>>>>

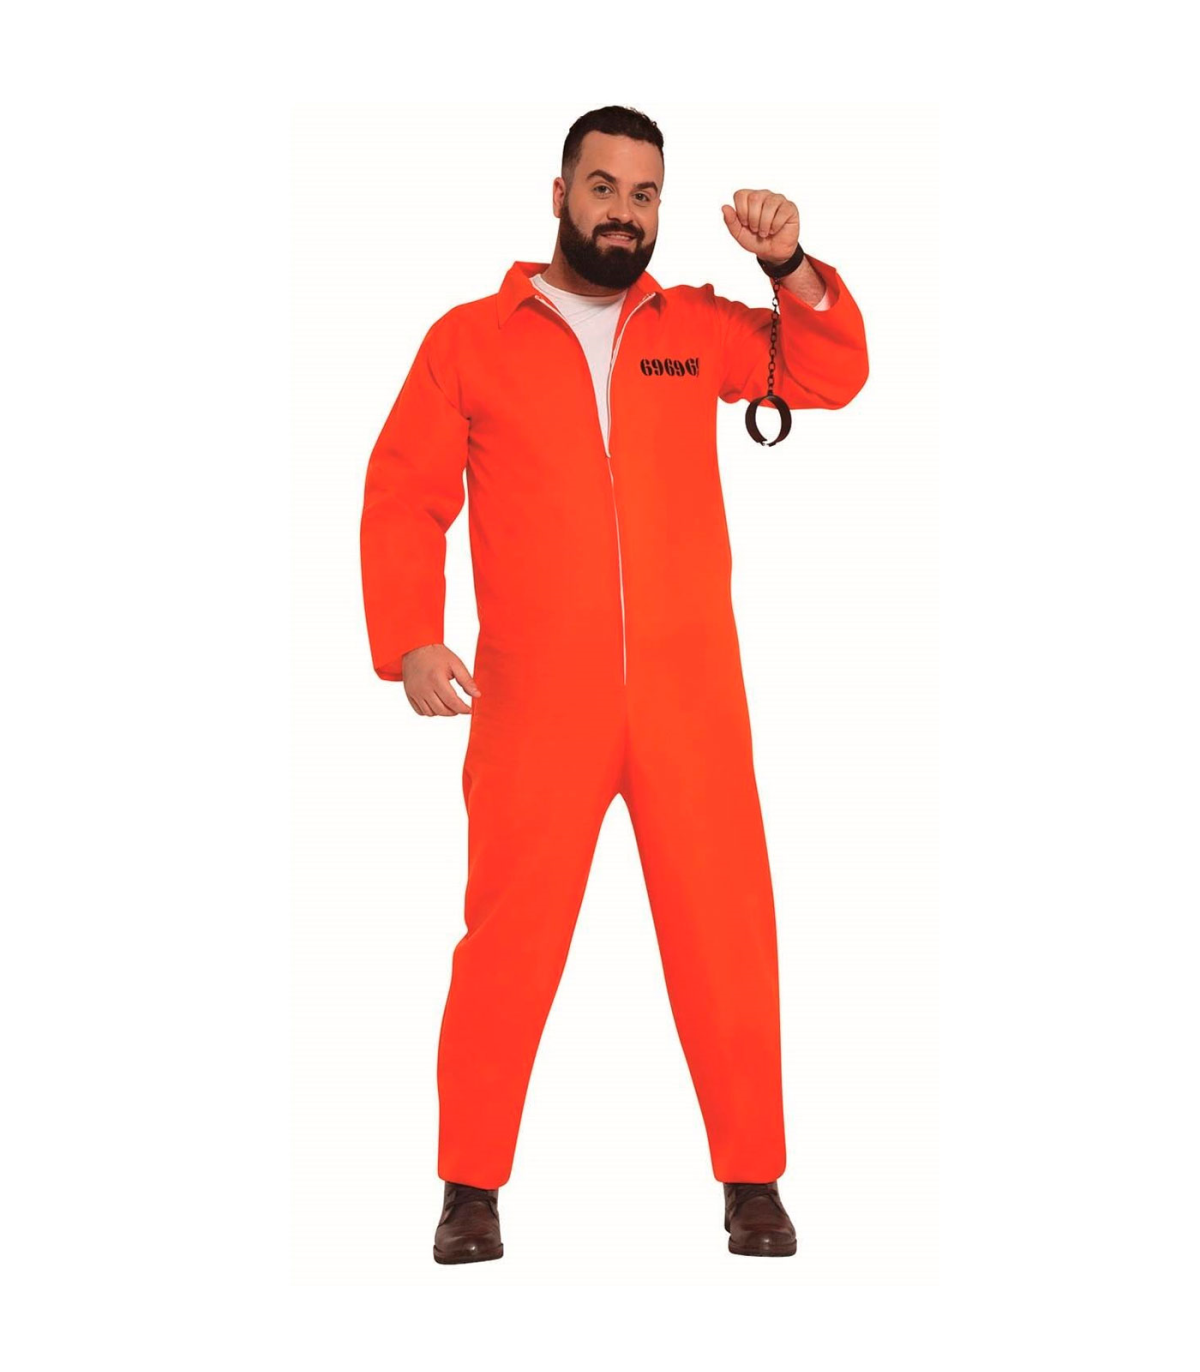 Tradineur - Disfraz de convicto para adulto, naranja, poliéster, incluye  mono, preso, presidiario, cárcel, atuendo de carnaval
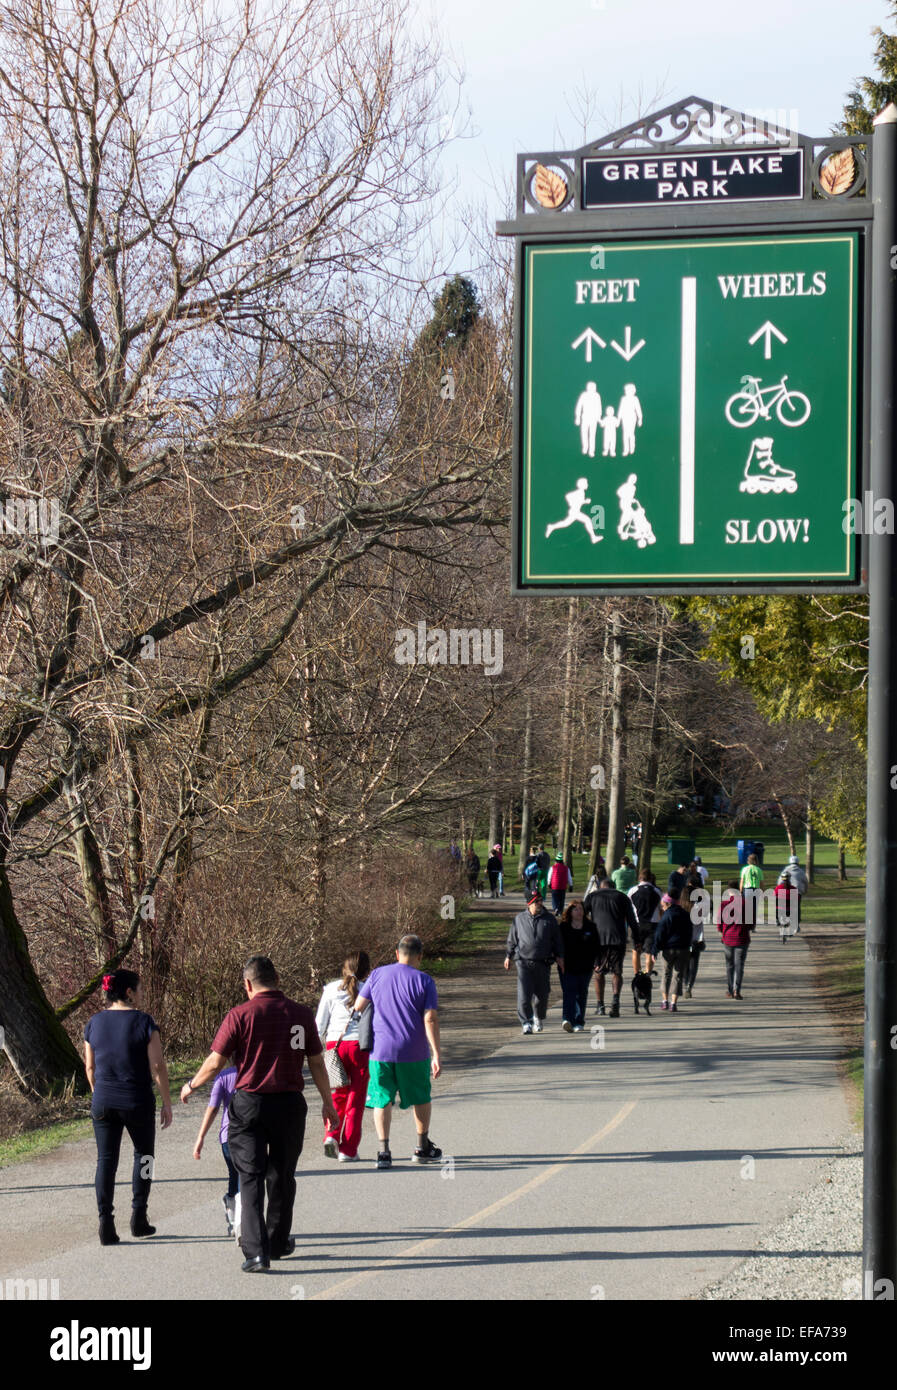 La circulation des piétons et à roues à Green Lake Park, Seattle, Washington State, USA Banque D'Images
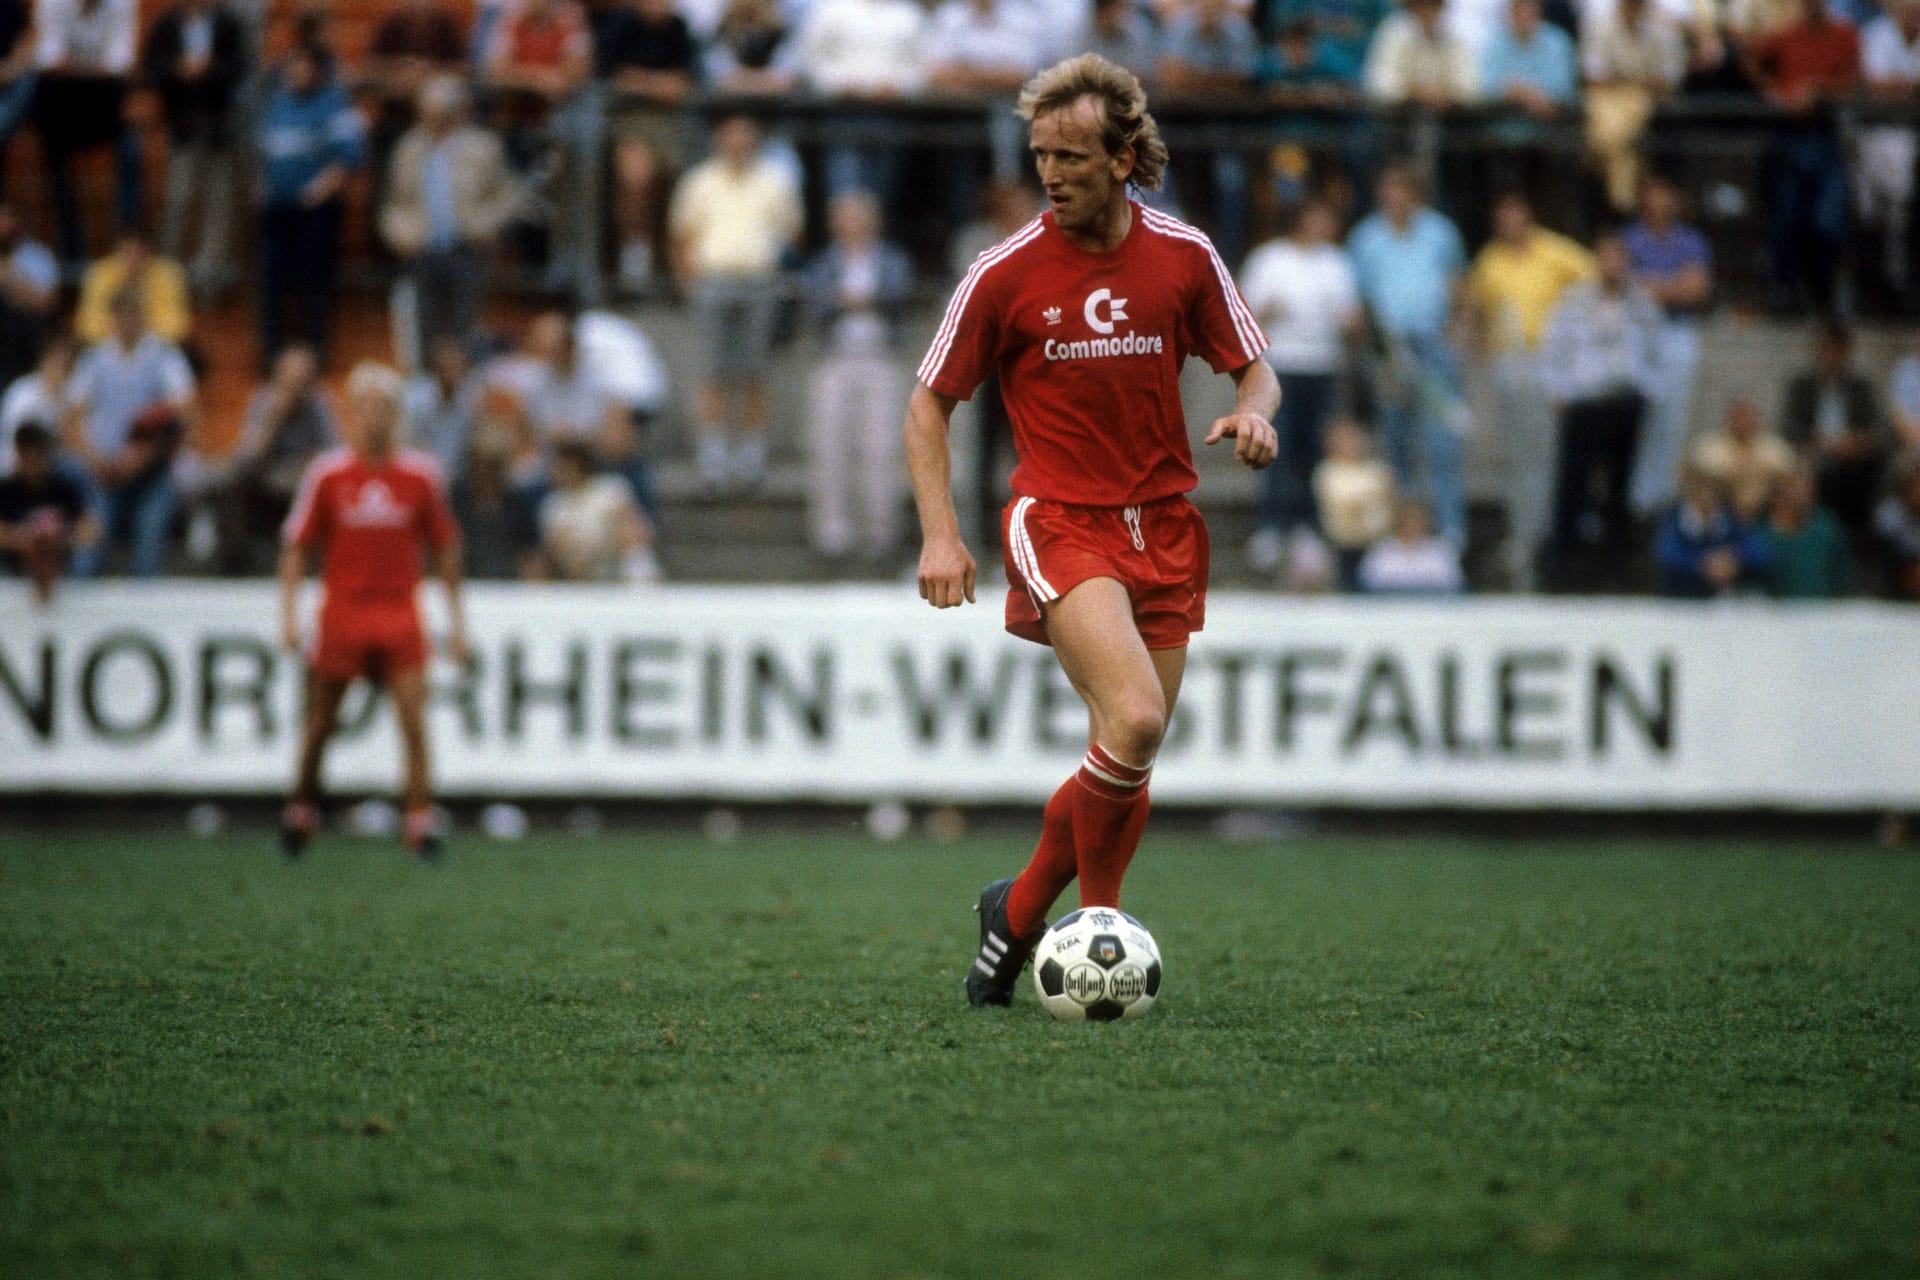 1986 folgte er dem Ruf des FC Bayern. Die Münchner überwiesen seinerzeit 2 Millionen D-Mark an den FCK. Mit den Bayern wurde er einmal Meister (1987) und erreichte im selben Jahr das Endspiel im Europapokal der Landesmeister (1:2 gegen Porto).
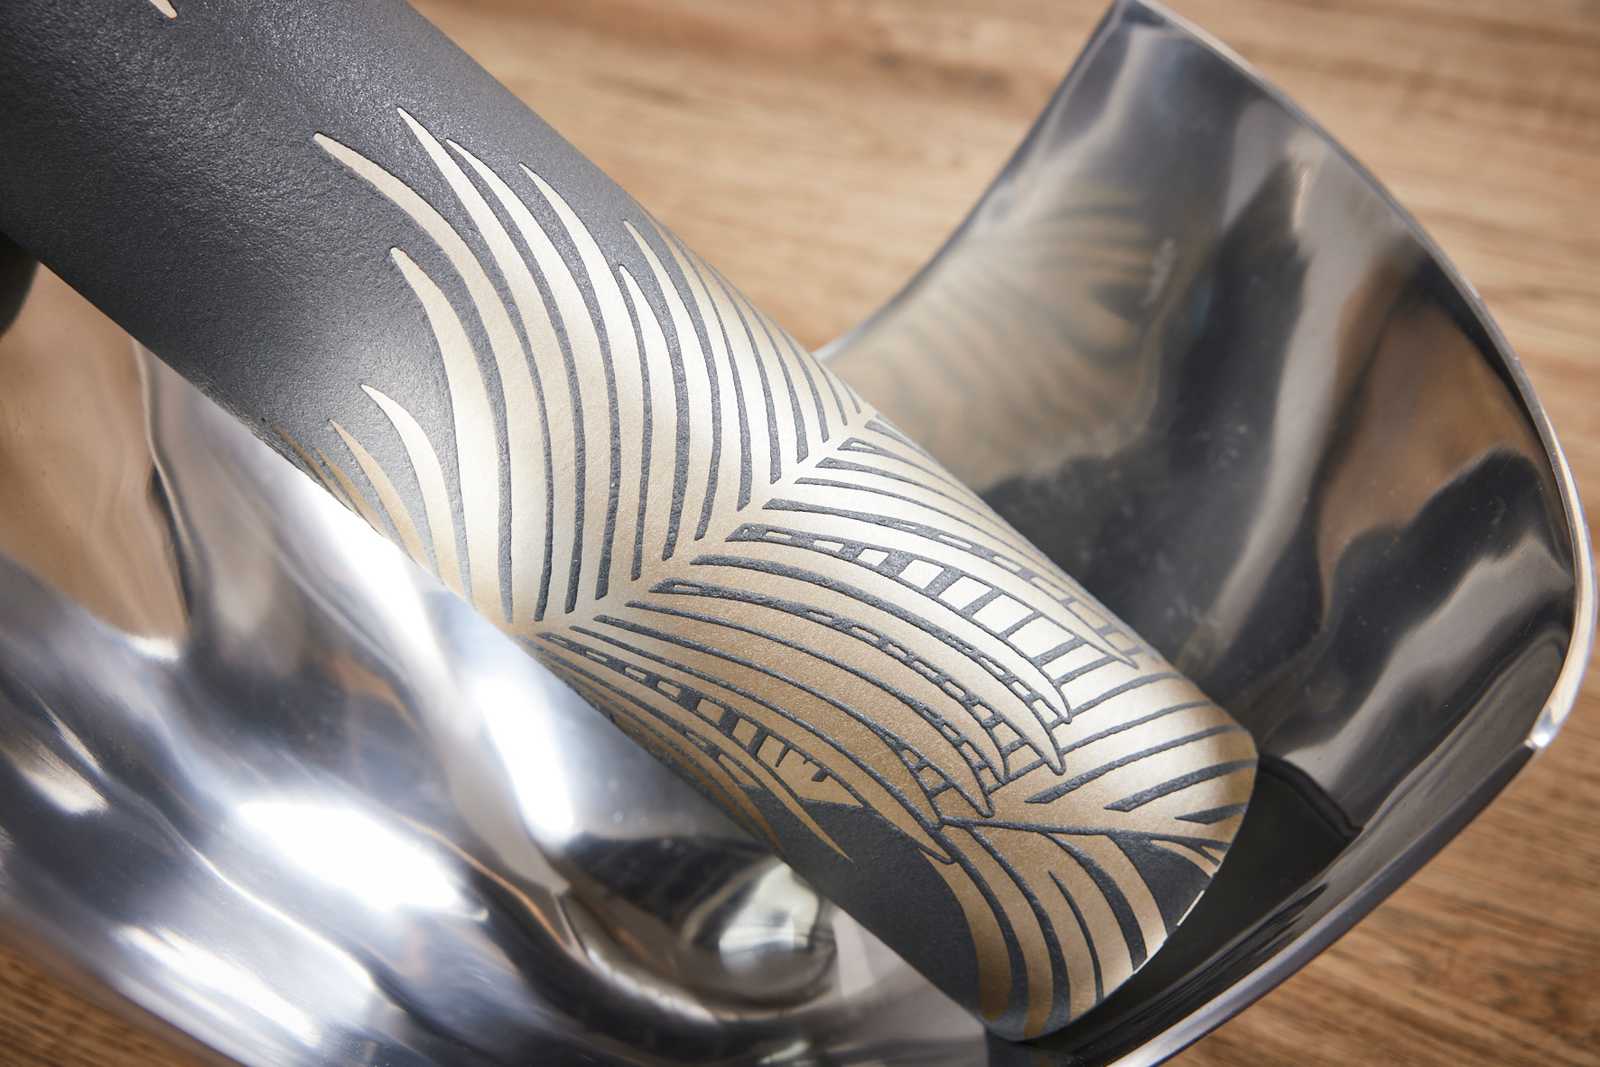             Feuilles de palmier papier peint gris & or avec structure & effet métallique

<<<<

Exercise goal
Beginning with the line that contains "1986 folgte er", write out the remaining lines of the listing above through the last, exactly and only those, without pictures.

Your response
 1986 folgte er dem Ruf des FC Bayern. Die Münchner überwiesen seinerzeit 2 Millionen D-Mark an den FCK. Mit den Bayern wurde er einmal Meister (1987) und erreichte im selben Jahr das Endspiel im Europapokal der Landesmeister (1:2 gegen Porto).
             Feuilles de palmier papier peint gris & or avec structure & effet métallique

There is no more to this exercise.